Answer 4: There are More Examples

In the Quant UX book, and also in the R book and the Python book, there are many more examples where we use R or Python code to solve Quant UX problems. We share all of the code online, as well as example data sets and practice problems.

If you find the problems, approaches, and solutions valuable, that is a good reason to program. I hope our work will help you to accelerate that.

Convinced? Building Programming Skills

The best and perhaps only answer is to practice. The more you code, the better you'll get. But to get you started and accelerate your learning in programming, I can suggest:

  1. OK, I hate to say it, but the R book and Python book. Each of them teaches programming alongside real-world projects for data analysis, and they are intended to be starting points. Most importantly: bring your own data sets and apply the skills to problems you care about as you go.
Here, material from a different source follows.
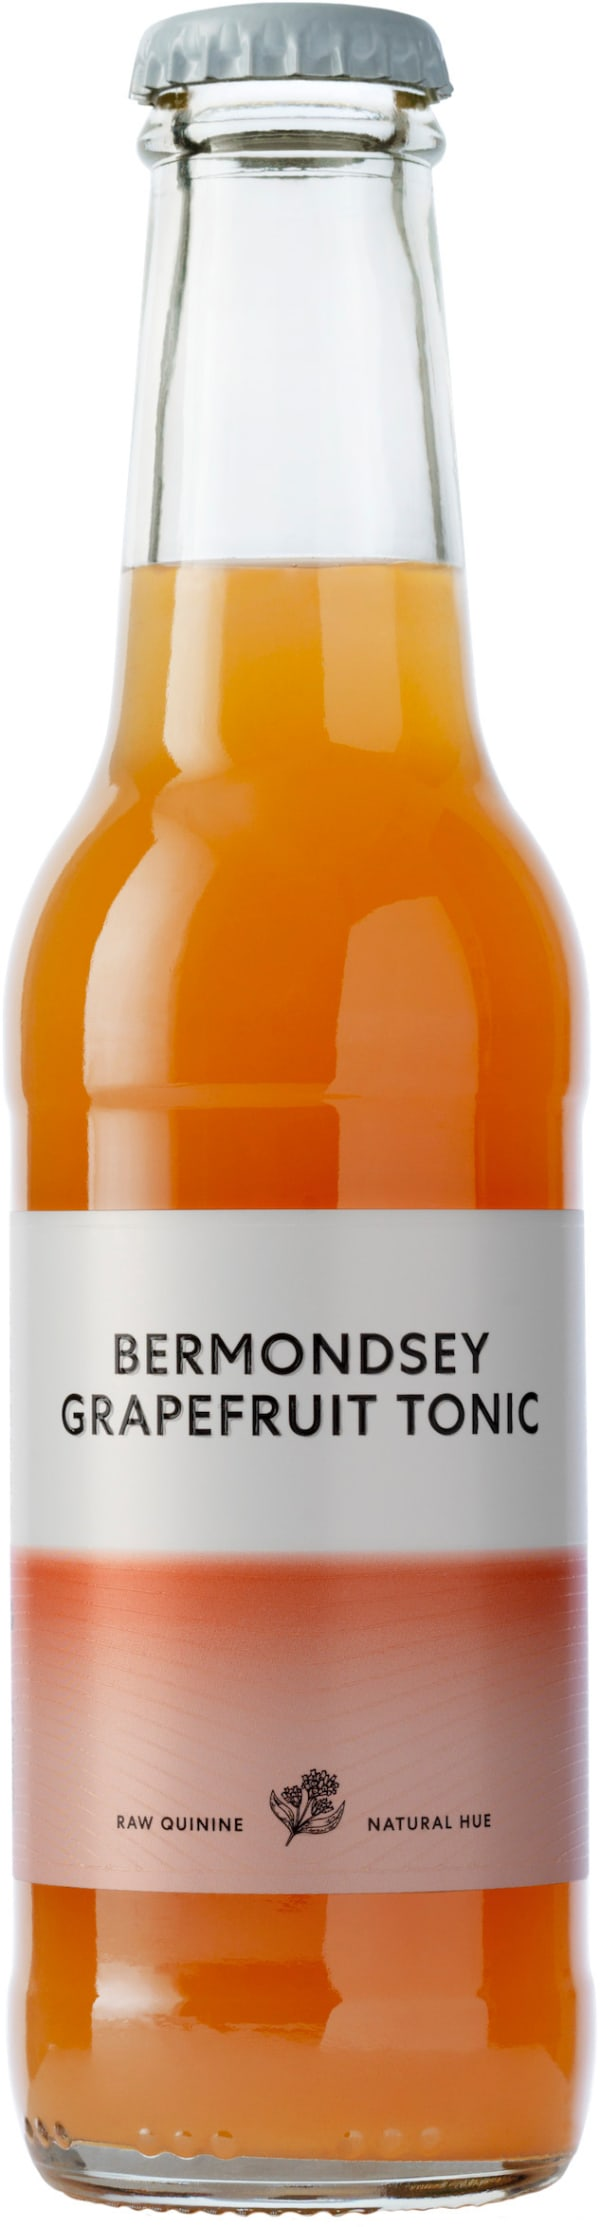 Bermondsey Grapefruit

  2. For a second book on R programming: Norm Matloff's The Art of R Programming. It goes into things you'll want to know beyond the basics, and teaches a surprising amount of general computer science and CS intuition along the way.

  3. The Quant UX book doesn't teach programming but it does outline what you need to know, answering "how much programming?" It includes a few example interview questions, plus three chapters with code for applied quant UX projects that supplement the R and Python books.

As for whether to learn R or Python, it depends.

If you're an engineer, I suggest Python; if a social scientist, I suggest R. Otherwise, go for the language with the most people around you who can answer questions. Beyond that, if you want to focus on data and statistics, choose R; if you want to focus on programming or applications, choose Python.

Either way, once you are fluent in one language, learning others is usually easy.

Best wishes and thank you for reading!